Thanks for all your help!:sn:


----------



## PRAYER (Jun 18, 2011)

*Re: 1st Post: I have a few questions about a build idea *

hmmmmmmm : one issue:

there is actually only a mono set-up inside... maybe I will have to use the HK speakers..


----------



## PRAYER (Jun 18, 2011)

*Re: 1st Post: I have a few questions about a build idea *

Or does anybody know a simple way to send a mono signal to the mono speakerl from the stereo output of the computer speaker innards?


----------



## Jstslamd (Nov 30, 2010)

If its done with patch cords can't you just use a y adapter ?


----------



## PRAYER (Jun 18, 2011)

*Re: 1st Post: I have a few questions about a build idea *

Hmm, I think that would eliminate half of the stereo signal. I believe I need to sum it.


----------



## PRAYER (Jun 18, 2011)

*Re: 1st Post: I have a few questions about a build idea *

Actually: I guess that inside the unit there must be some stereo-to-mono circuit already built in to translate FM radio content... now to find it!


----------



## PRAYER (Jun 18, 2011)

*Re: 1st Post: I have a few questions about a build idea *

Hey folks happy new year!

I had successfully "restored" or errr... created? or modified? or whichever! this old Zenith... Pics to come..

I came away from this project with: 
A happy girlfriend
good experience
a pretty dang good sounding tabletop amplified iphone dock thing
and much enthusiasm to create more of this kinda stuff!

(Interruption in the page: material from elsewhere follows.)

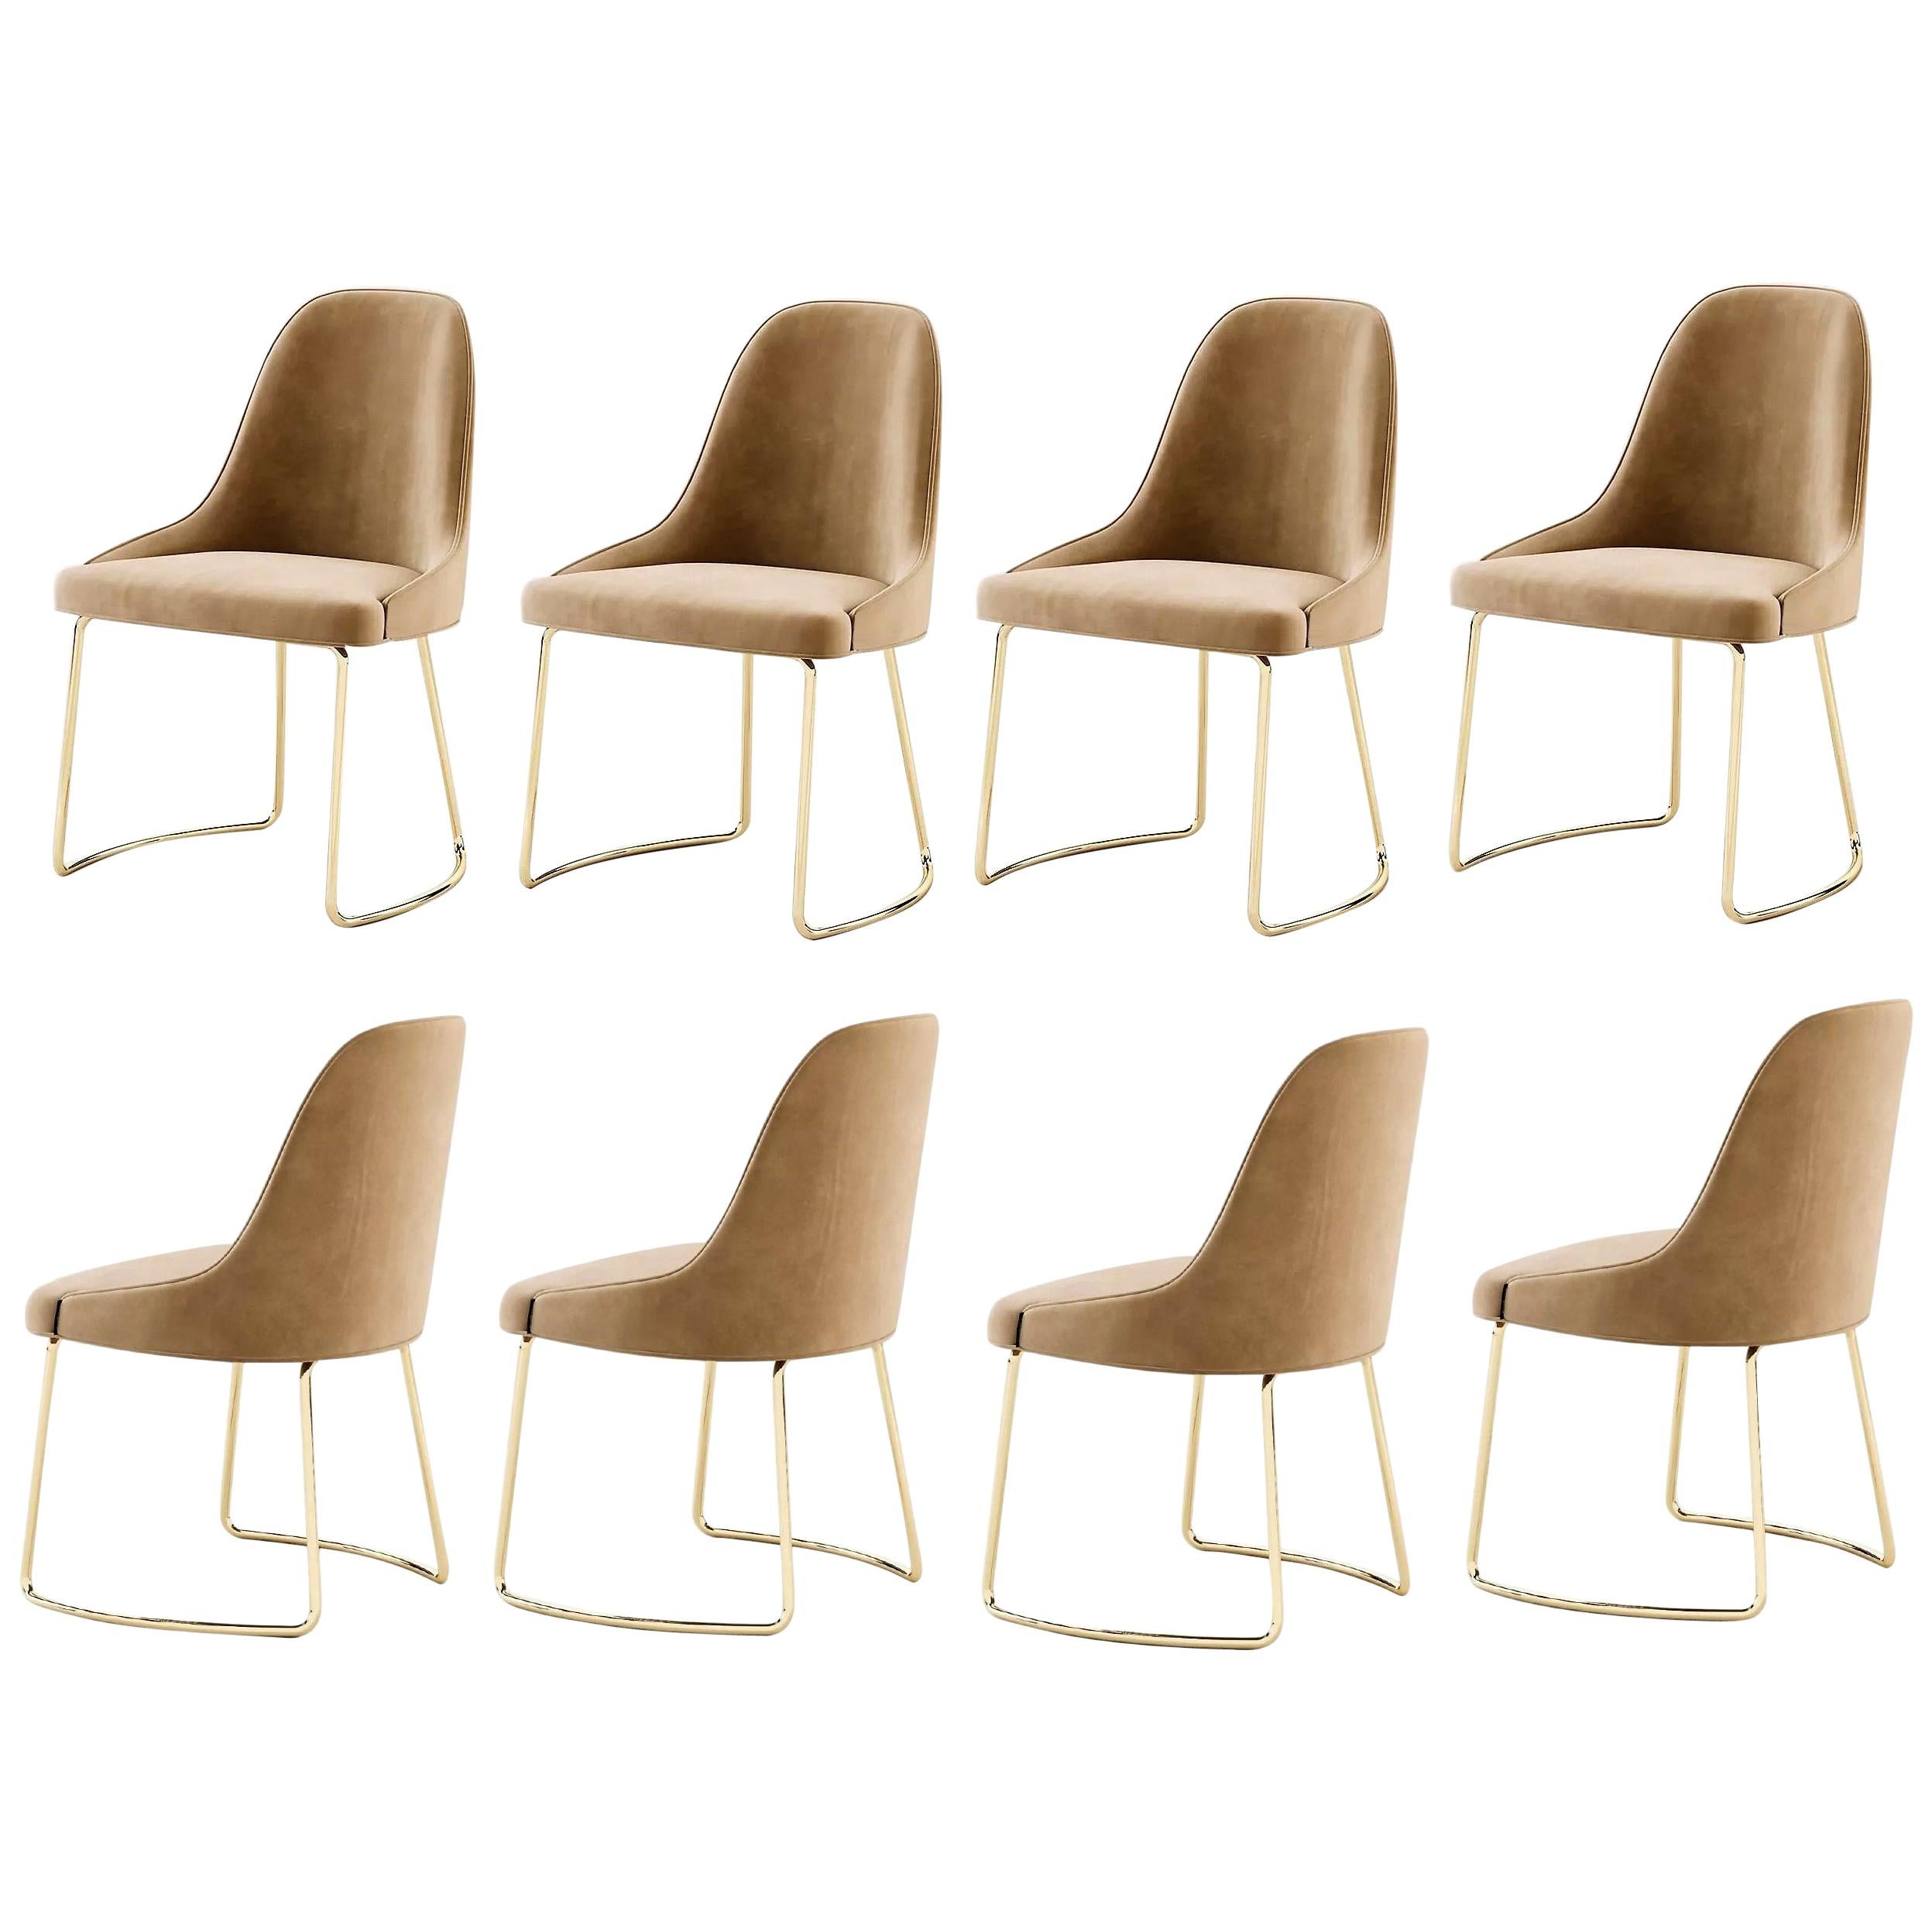 Set of 8 Contemporary Dining Chairs, Champagne/Gold

so thanks for all your help!


----------



## PRAYER (Jun 18, 2011)

*Re: 1st Post: I have a few questions about a build idea *

Here is my finished project:










There is a slight boominess to the sound when the tone control is set towards the bass, but she looooves it and I looooove it.... It's such an odd creation, but I think that basing my enclosure off of the KLH Model 8 was a great idea and I can only imagine how good a KLH clone will sound without those protrusions on the baffle.


----------



## robbo266317 (Sep 22, 2008)

*Re: 1st Post: I have a few questions about a build idea *

Well done. 
That's a great looking cabinet. I am glad you both enjoy it.

All the best,
Bill.


----------



## fbov (Aug 28, 2008)

*Re: 1st Post: I have a few questions about a build idea *



PRAYER said:


> Here is my finished project:
> ...she looooves it ....


That's all that matters! Nice looking, too....


----------



## PRAYER (Jun 18, 2011)

*Re: 1st Post: I have a few questions about a build idea *

thanks guys. she uses it everyday and brags about it all the time. love that girl


----------